Free range eggs not all their cracked up to be

Egg Corp’s Henny Penny free range egg standard shows need for national action

CHOICE has called on the Egg Corporation to reconsider its planned 13-fold increase in hen stocking densities for eggs it certifies as free range and instead work with government, animal welfare and consumer groups on a national standard that would meet consumer expectations.

The Egg Corporation announced in reports on Sunday that it would move to a maximum stocking density of 20,000 birds per hectare and that a lower limit would result in the importation of eggs from Indonesia, Vietnam, Cambodia and the Philippines.

This is despite the fact that the widely accepted standard for free range is 1,500 birds per hectare.

“The Egg Corporation is doing its best Henny Penny impression, running around and claiming the sky will fall in if its members have to meet genuine free range standards, without providing any evidence to back this up” says CHOICE spokesperson Ingrid Just.

“The most important thing is for consumers to have confidence they are getting what they pay for, and increasing numbers of Australians are paying a premium for eggs labelled free range.

“It would make sense for industry to adapt to consumers’ changing preferences, rather than trying to dilute the standard to meet producers’ preferences,” says Ms Just.

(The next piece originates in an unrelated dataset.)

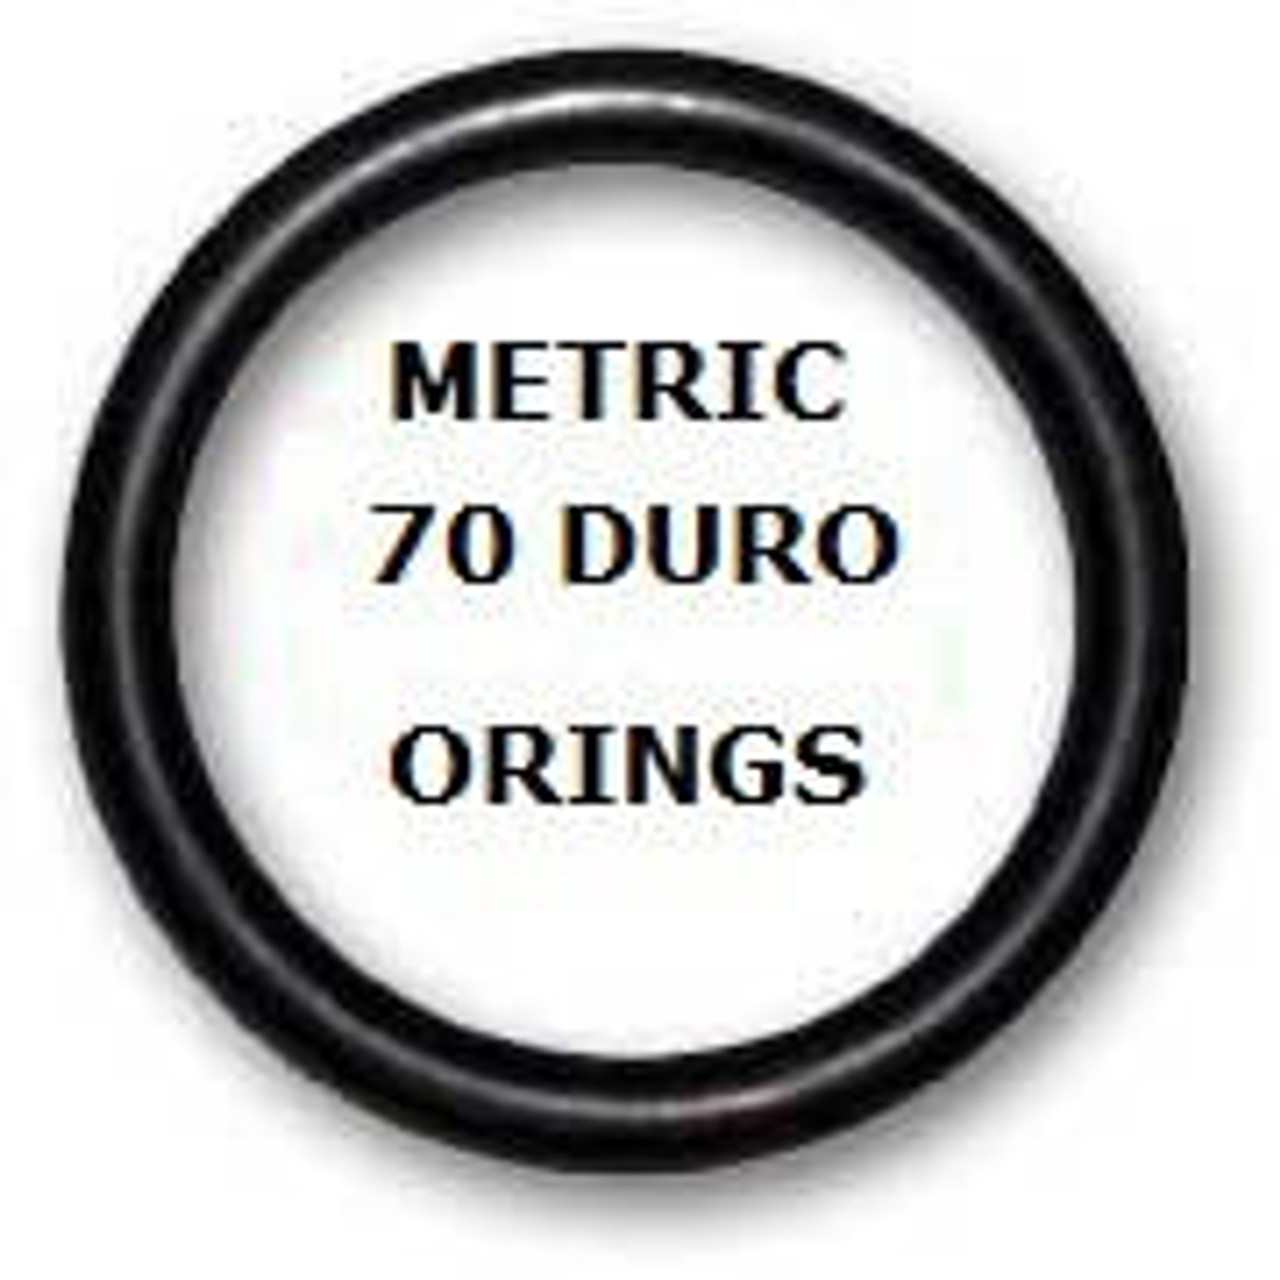 Metric Buna  O-rings 44.04 x 3.53mm  Minimum 10 pcs

To put the Egg Corporation’s 20,000 birds per hectare definition into perspective:

  • The RSPCA allows a maximum of 1,500 bird per hectare
  • Humane Choice sets the maximum at 1,500 birds per hectare
  • The Free Range Farmers Association allows a maximum of 750 birds per hectare

Free range eggs make up nearly 40% of eggs sold in Australia and were the biggest growth category in eggs in the last year with an increase in value of 10% and an increase in volume of 16%.

“CHOICE does not claim to be an expert on hen welfare but we know that an increasing number of Australian shoppers are buying free range eggs,” says Ms Just.

“If the Egg Corporation dilutes the standard 13-fold, there is a real risk that consumers will simply stop buying free range eggs, which would be bad news for genuine free range producers.”

CHOICE is calling on egg producers, including the Egg Corporation, to work with animal welfare experts, government and consumer representatives to develop a free range standard that gives consumers confidence that they are getting what they pay for.